Anti-Racism Resources for healthcare professionals, families, and LGBTQ+ allies
Every form of systematic and systemic oppression runs counter to the core values and beliefs of medicine: respect for autonomy, beneficence, non-maleficence, and justice. However, we must acknowledge historic and recent actions, research, and policies created and sustained by healthcare professionals and healthcare organizations that have marginalized and exploited peoples from different racial and ethnic communities.
At LGBTQuillen+, we are committed to connecting our members with resources specifically aimed to integrate anti-racist practices and resources into your current healthcare training programs, future healthcare practices, and daily conversations and interactions with friends and family. Below you will find resources from universities as well as Black and LGBTQ-led organizations specifically on these topics. We provide these in hopes of helping start or further your journey to become more aware of your own biases and privileges and to better understand how to be an active ally for the Black community and those within it who identify as LGBT+.
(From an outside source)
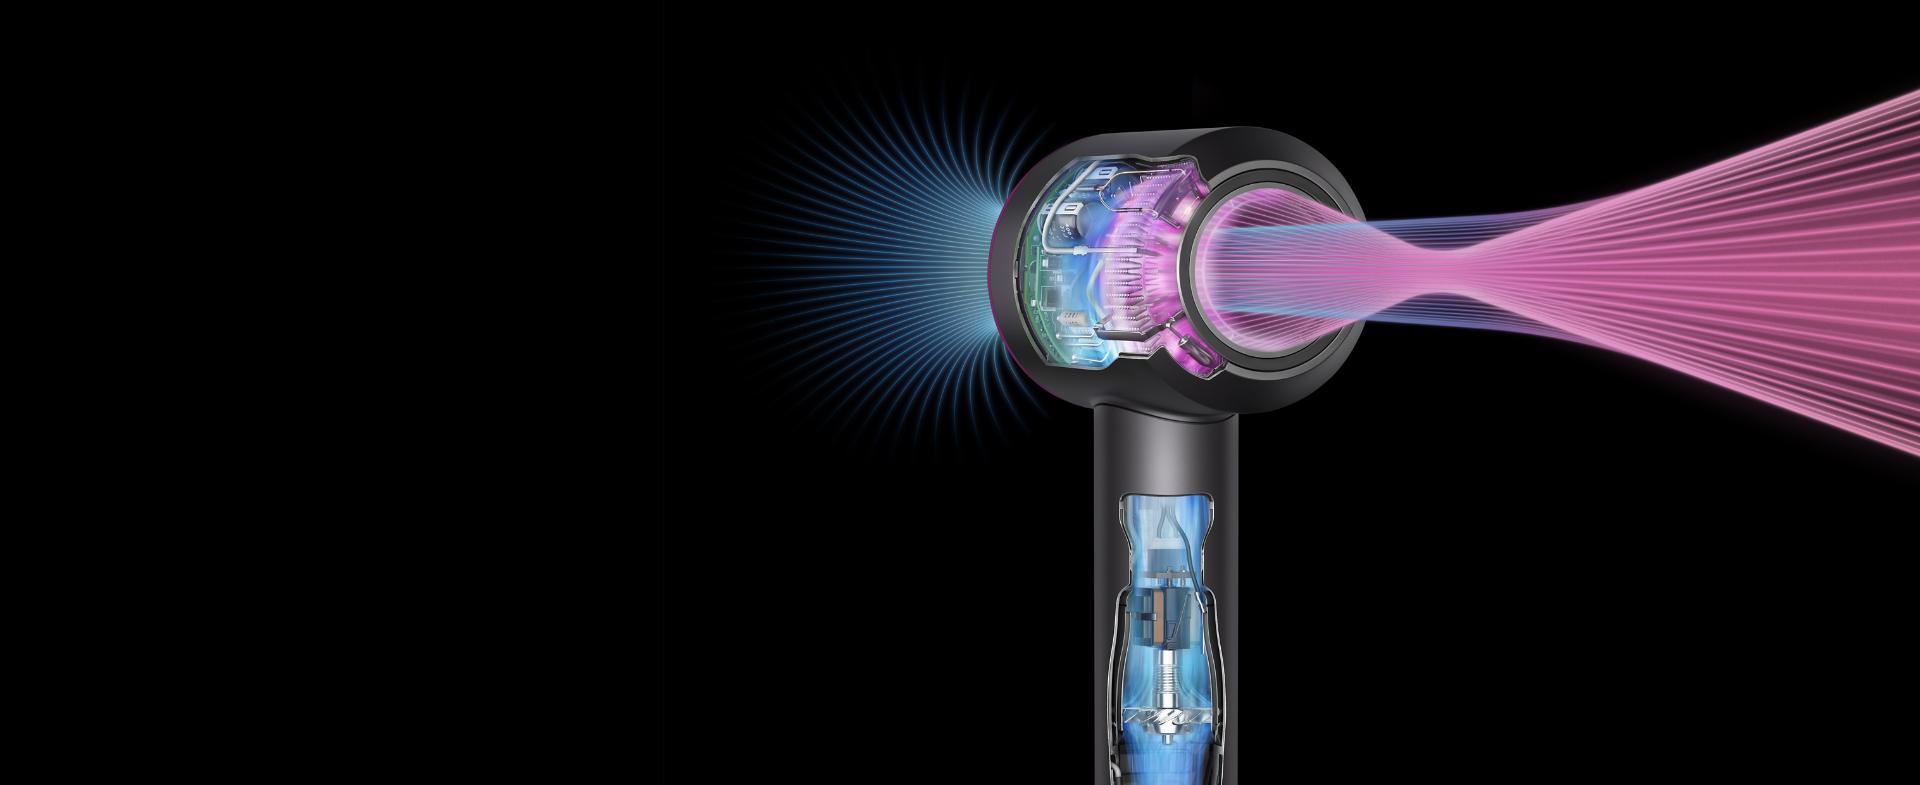 Dyson Supersonic saç kurutma makinesinin içinde bulunan teknolojinin röntgeni

Anti-Racism and Healthcare
University of San Francisco - Multidisciplinary Resources
University of Washington - Healthcare equity and anti-racism
Black History Month - LGBT+ Stories
GLAAD - Black History Month Series
Pride Foundation - Black LGBT+ Stories
Anti-Racist Toolkit for Families of All Ages
Family Equality - Anti-Racist Toolkit for Families
Current books:
The Death and Life of Marsha P. Johnson
The Death and Life of Marsha P. Johnson (2017) chronicles the lives of Marsha P. Johnson
and Sylvia Rivera. Johnson and Rivera were prominent figures in gay liberation and
transgender rights movement in New York City from the 1960s to the 1990s and co-founders
of Street Transvestite Action Revolutionaries. Marsha P. Johnson is now one of the
most venerated icons in LGBTQ+ history, has been celebrated in a series of books,
documentaries, and films. Her actions and words continue to inspire trans activism
and resistance, and will continue to do so well into the future.
Marsha P. Johnson was tragically murdered on July 6, 1992 at the age of forty-six. Her case was originally closed by the NYPD as an alleged suicide, but transgender activist Mariah Lopez fought for it to be reopened for investigation in 2012. The film centers on activist Victoria Cruz's investigation into Johnson's death in 1992, which was initially ruled a suicide by police despite suspicious circumstances.
Black. Queer. Southern. Women. - An Oral History by E. Patrick Johnson
Drawn from the life narratives of more than seventy African American queer women who
were born, raised, and continue to reside in the American South, Black. Queer. Southern.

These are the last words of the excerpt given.